Consider the following frequency
distribution. Find an estimate for the mean.

Let’s have a closer look at this
frequency distribution. The data has been grouped into
classes, which are labeled as 10 dash, 20 dash, 30 dash, and so on. We’re given the frequency, or
number of items, in each class. We don’t know the exact value of
the data points because they have been grouped. But we do know that in the first
class, for example, there are nine pieces of data. We’re asked to find an estimate for
the mean of this distribution. And it’s because we don’t know the
exact data values that we can only estimate, rather than calculate, the mean.

We recall that, in general, the
mean of a data set is found by dividing the sum of all the data values by how many
values there are. When we’re estimating the mean,
however, we need to find an estimate for the sum of all the data values. We do know the number of data
values. This corresponds to the total
frequency in the table, which is 50. So, let’s think about how we can
estimate the sum of all the data values. We first need to find a single
value that is most representative of each class. We want to choose the central
value, or midpoint, of each class, which is the mean of the class boundaries.
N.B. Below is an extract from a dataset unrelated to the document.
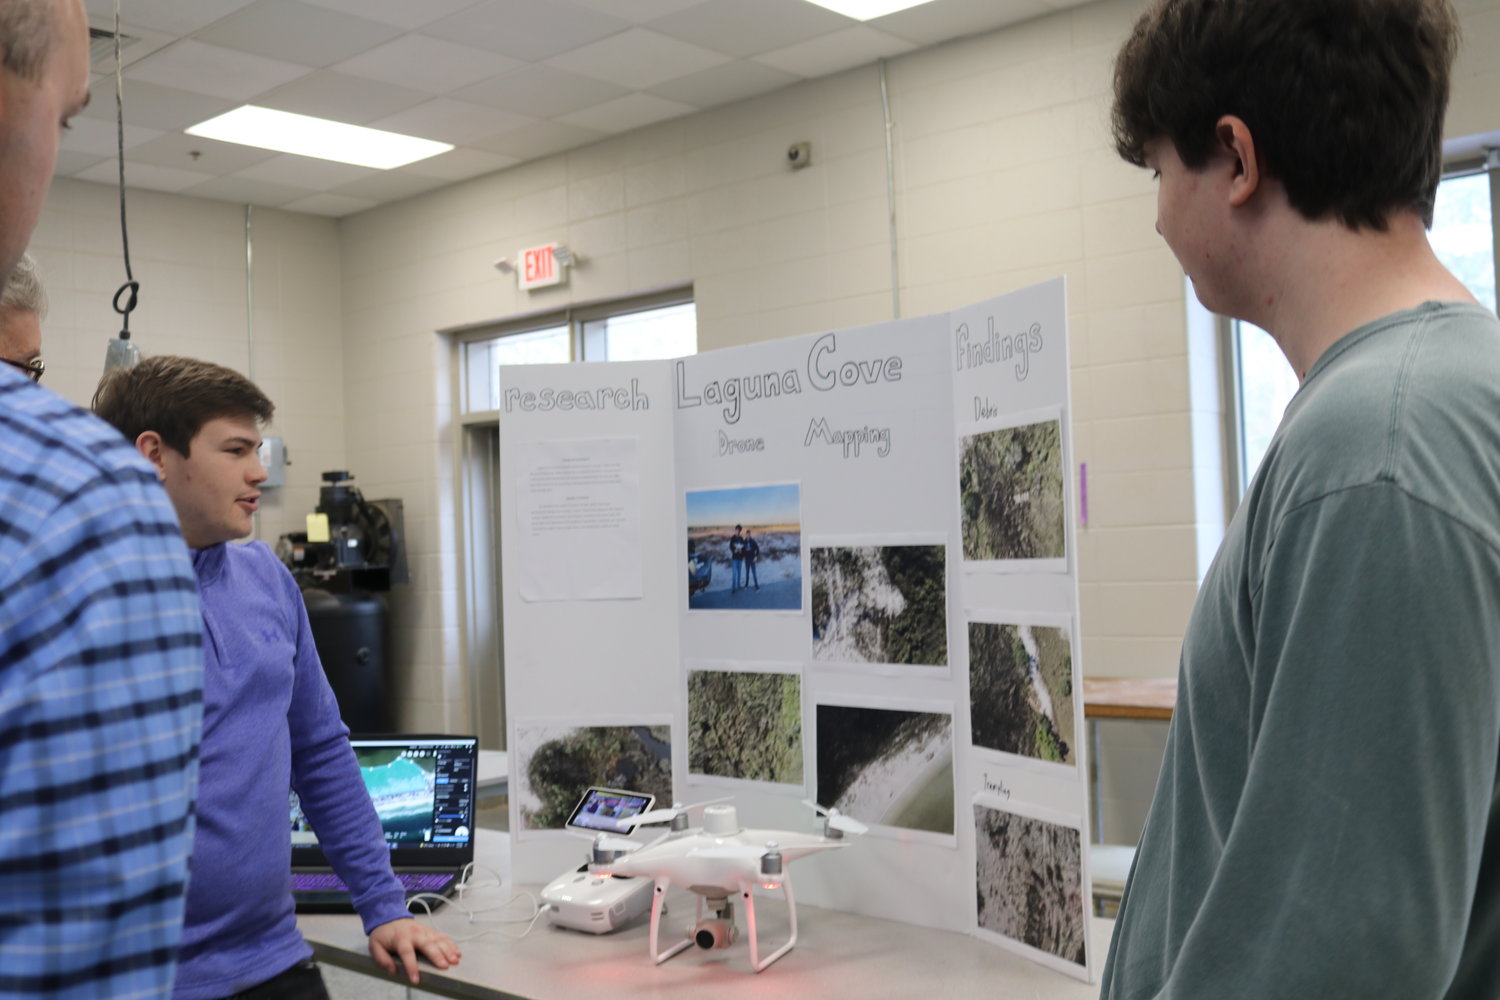 Austin Sparks and Mason Reffitt joined forces on a Capstone Project over drone mapping Laguna Cove shoreline. The students had their research, findings and technology displayed and were ready to answer questions from attendees.

From the table, it may appear as if
we don’t know what the upper boundaries are due to the way the classes have been
presented. To work these out, we need to
assume that there are no gaps in the data. So, the lower boundary of one class
is the upper boundary of the previous one. The first class then will contain
all the data values that are greater than or equal to 10, but strictly less than
20. The next class will contain all the
data values that are greater than or equal to 20, but strictly less than 30.

By writing the inequalities in this
way, with a strict inequality at the upper boundary of each class and a weak
inequality at the lower boundary, we ensure there are no gaps but also no overlaps
between the classes. When we come to the final class, we
have to make an assumption about its upper boundary, as there is no class that
follows it. We assume this class has the same
width as the class immediately before it. In this distribution, all classes
have the same width of 10. And so, we assume that the final
class also has a width of 10, and hence its upper boundary is 60.

Having found each of the
upper-class boundaries, we’re now ready to calculate the midpoint for each
class. Each midpoint is the mean of the
lower and upper boundaries for that class. The first midpoint is 10 plus 20
over two, which is 15. The remaining midpoints are 25, 35,
45, and 55. We’ve now found a single value that
we can use to represent each class and hence to estimate the sum of the values in
each class.

In the first class, there are nine
data values, which all have a value close to 15. Hence, the estimated sum of the
values in the first class is nine multiplied by 15, which is 135. We can estimate the sum of the
values in each of the remaining classes in the same way, each time multiplying the
frequency for that class by its midpoint.

To find the estimated sum of all
the data values, we add together the estimated totals for each class, which gives
1,800. So, our estimate of the sum of all
the data values is 1,800. To estimate the mean, we divide
this estimated total by the total frequency of 50. 1,800 divided by 50 is 36.

So, by recalling the process for
estimating the mean of a frequency distribution, which requires us to first find the
midpoint of each class, we’ve estimated the mean of this frequency distribution to
be 36.